What Has Changed in College Ministry?

Since I started College Ministry in the 70's, a question I am often asked is, "What has changed in these years?". My thoughts and responses will strictly be from a Baptist perspective and I would be interested to hear form other perspectives in the similarities or differences.

1. My first and quick answer is lack of loyalty of students. Formally, if you reached and worked with a student, they would stay with you their whole college career. This was particularly true of students in leadership roles. Now, a student may be very involved as a leader and just go to a different ministry the next year. Many students must almost be re-enlisted each year.

2. When I first began, many of the best known "BSU Directors" nationally were women.

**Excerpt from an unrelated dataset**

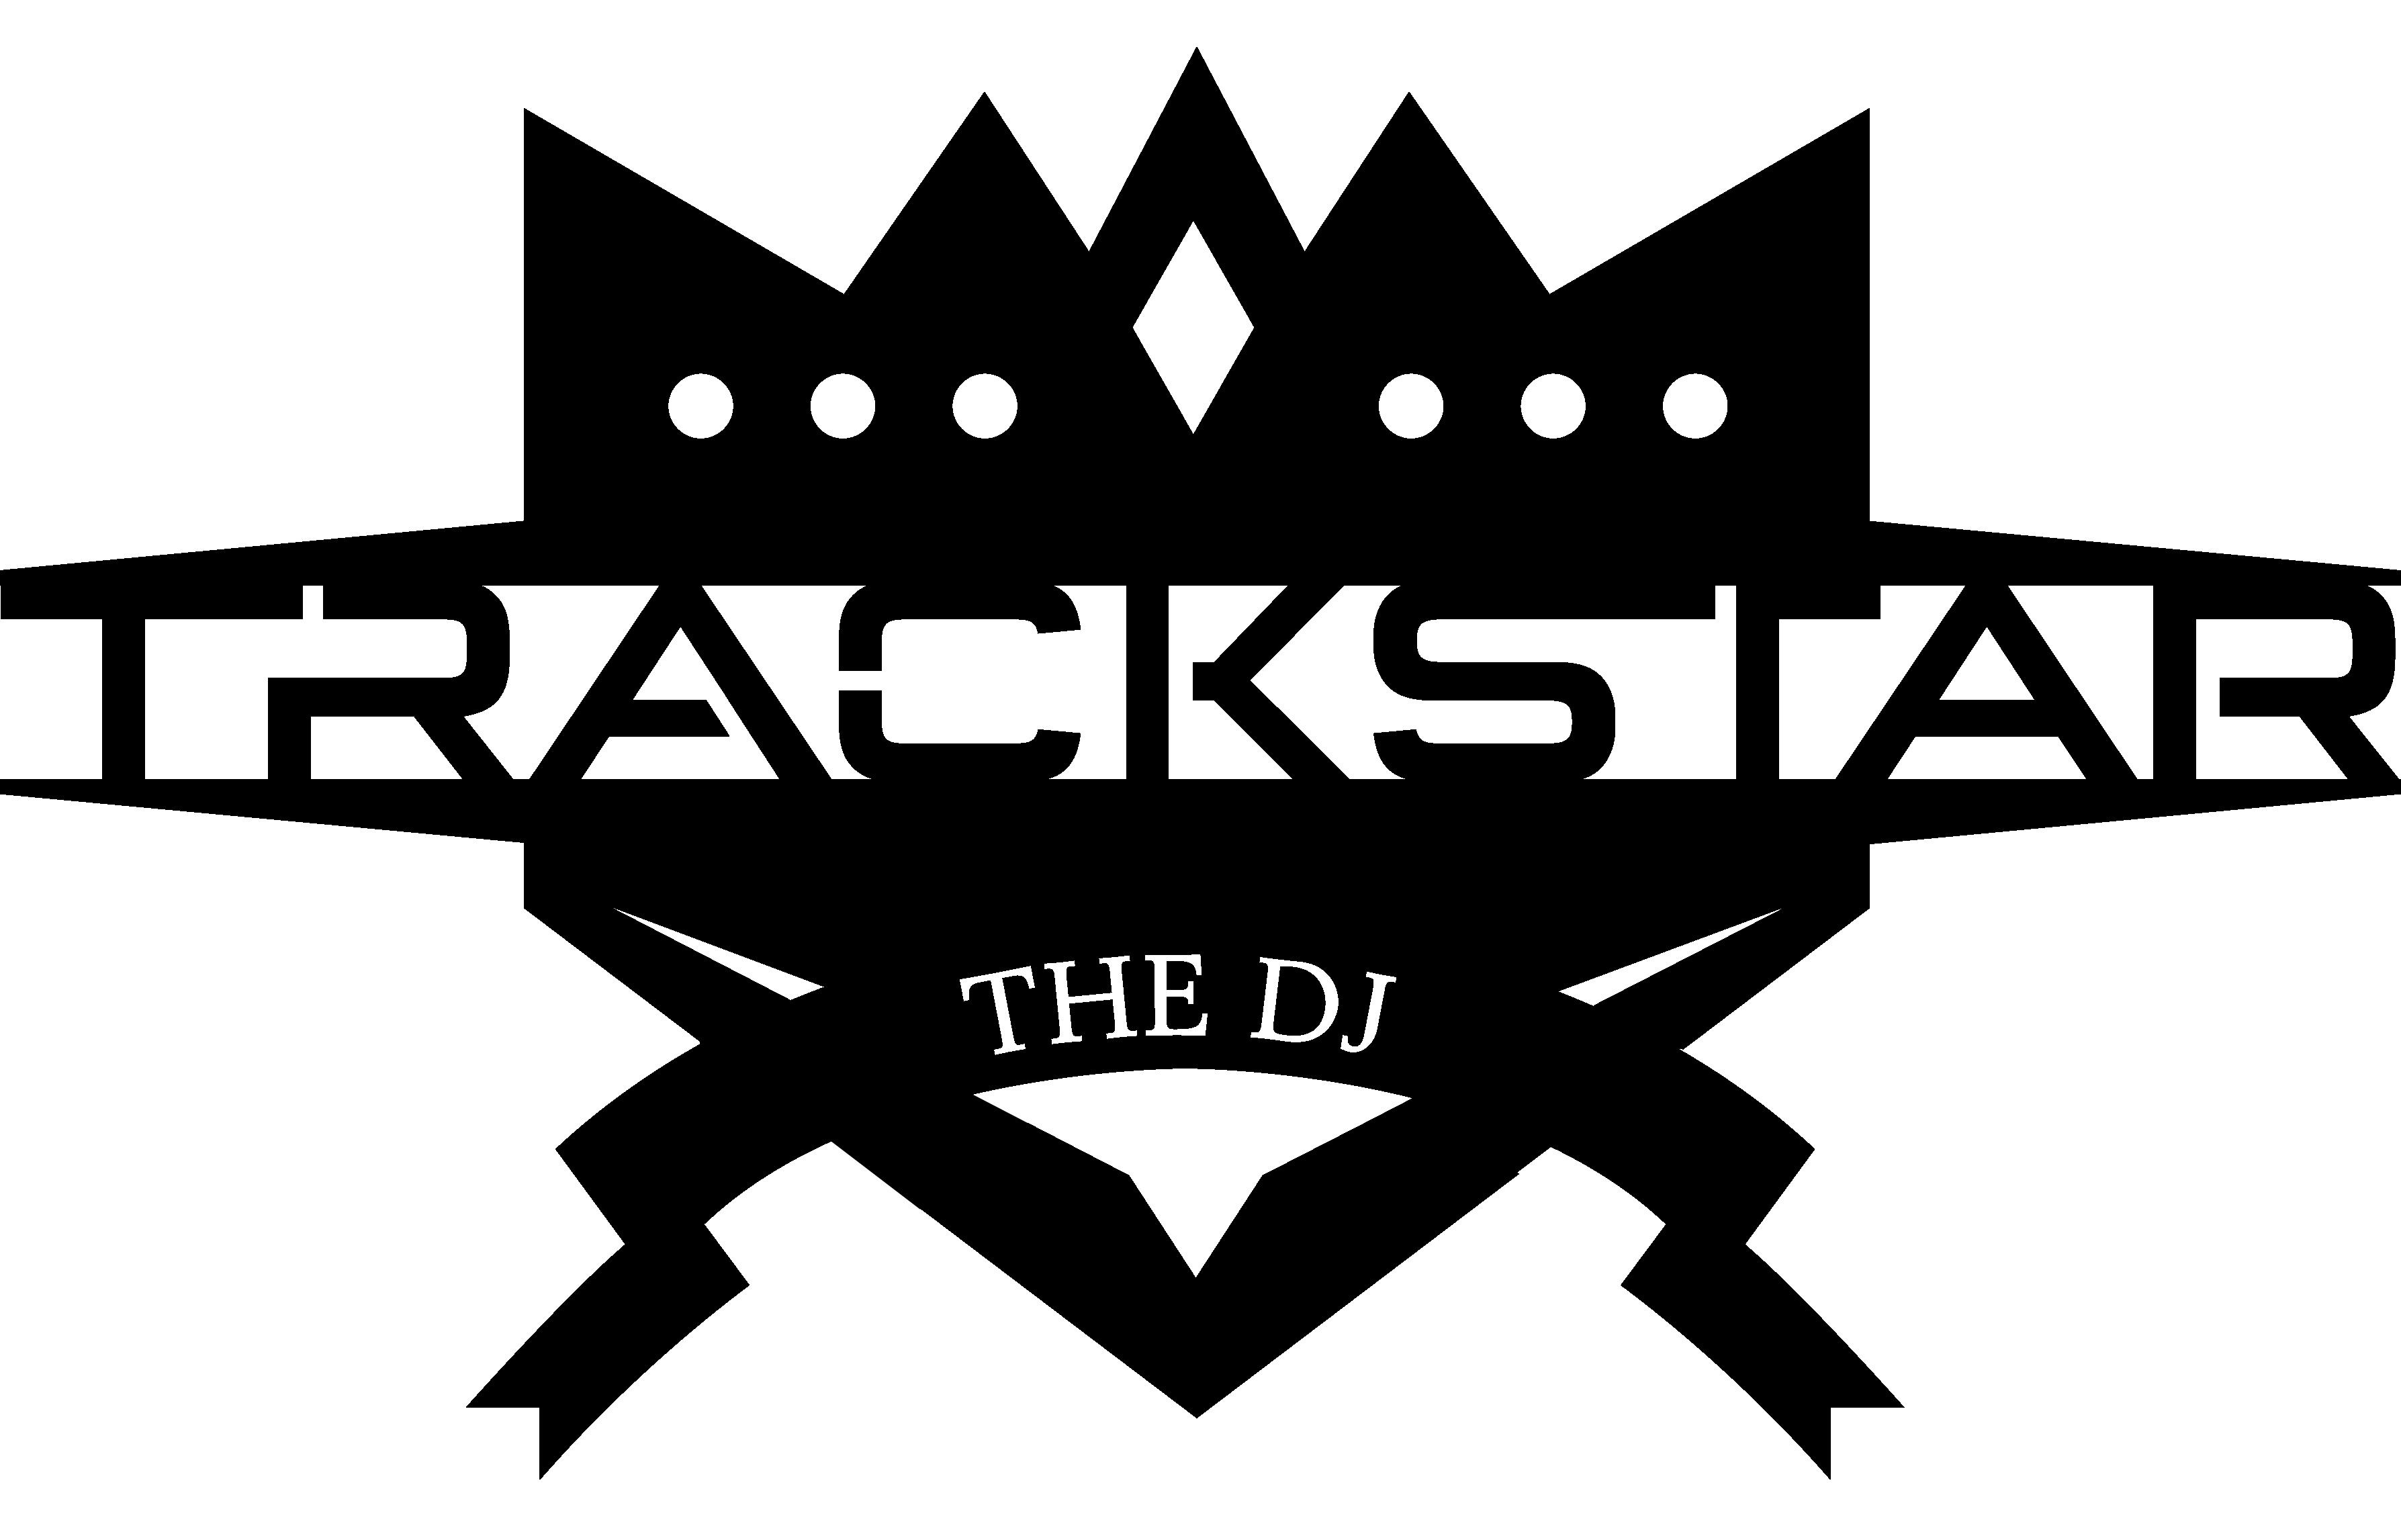 Trackstar...The DJ

3. Early on there was more emphasis on growth and discipleship and now there Is a greater emphasis on evangelism and missions teams.

4. There are fewer weekly events now. The BSU program I was involved in as a student had 8 programs each week....5 Noondays 12:25 to 12:50 Monday thru Friday and 3 night programs 6:00 to 6:30 Monday, Tueaday and Wednesday. When I went to Henderson State as Director, we "only" had 3 programs a week...Monday, Tuesday, Thursday
5:30 to 6:00. It was 10 minutes of music led by a different student each time, 5 minutes of announcements and a speaker for 15 minutes.

5. Today College Ministers are often expected to be speakers. In the 60's and 70's the emphasis was to stay in the background. If you were up front, you were not equipping your students to do the ministry.

6. The "Big Name Speakers" were staffers at NAMB and IMB or one of the Seminaries (Nathan Porter, Ed Seabough, Stan Nelson, Tommy Starks, Grady Nutt) and spoke at the large conferences and on local campuses as part of their job. Later on Charlie Baker was the preminent college speaker while pastoring churches in Oklahoma. Money was not an issue in having them.

7. Church College Ministries were primarily Sunday morning College Sunday School and Sunday night supper and programs at church or in homes.

8. Weekend Revival Teams of 4 or 5 students went to different churches throughout the year leading youth or all church revivals. That's where many led music or preached for the first time. Later, that morphed to traveling Drama Teams and Singing groups primarily for Sunday night services.

Conclusion: College Ministry will always change, adjust and adapt....the point is to be intentional about meeting needs and being what God is leading us to do. Don't change to change and don't stay the same cause, "That's the way we have always done it.".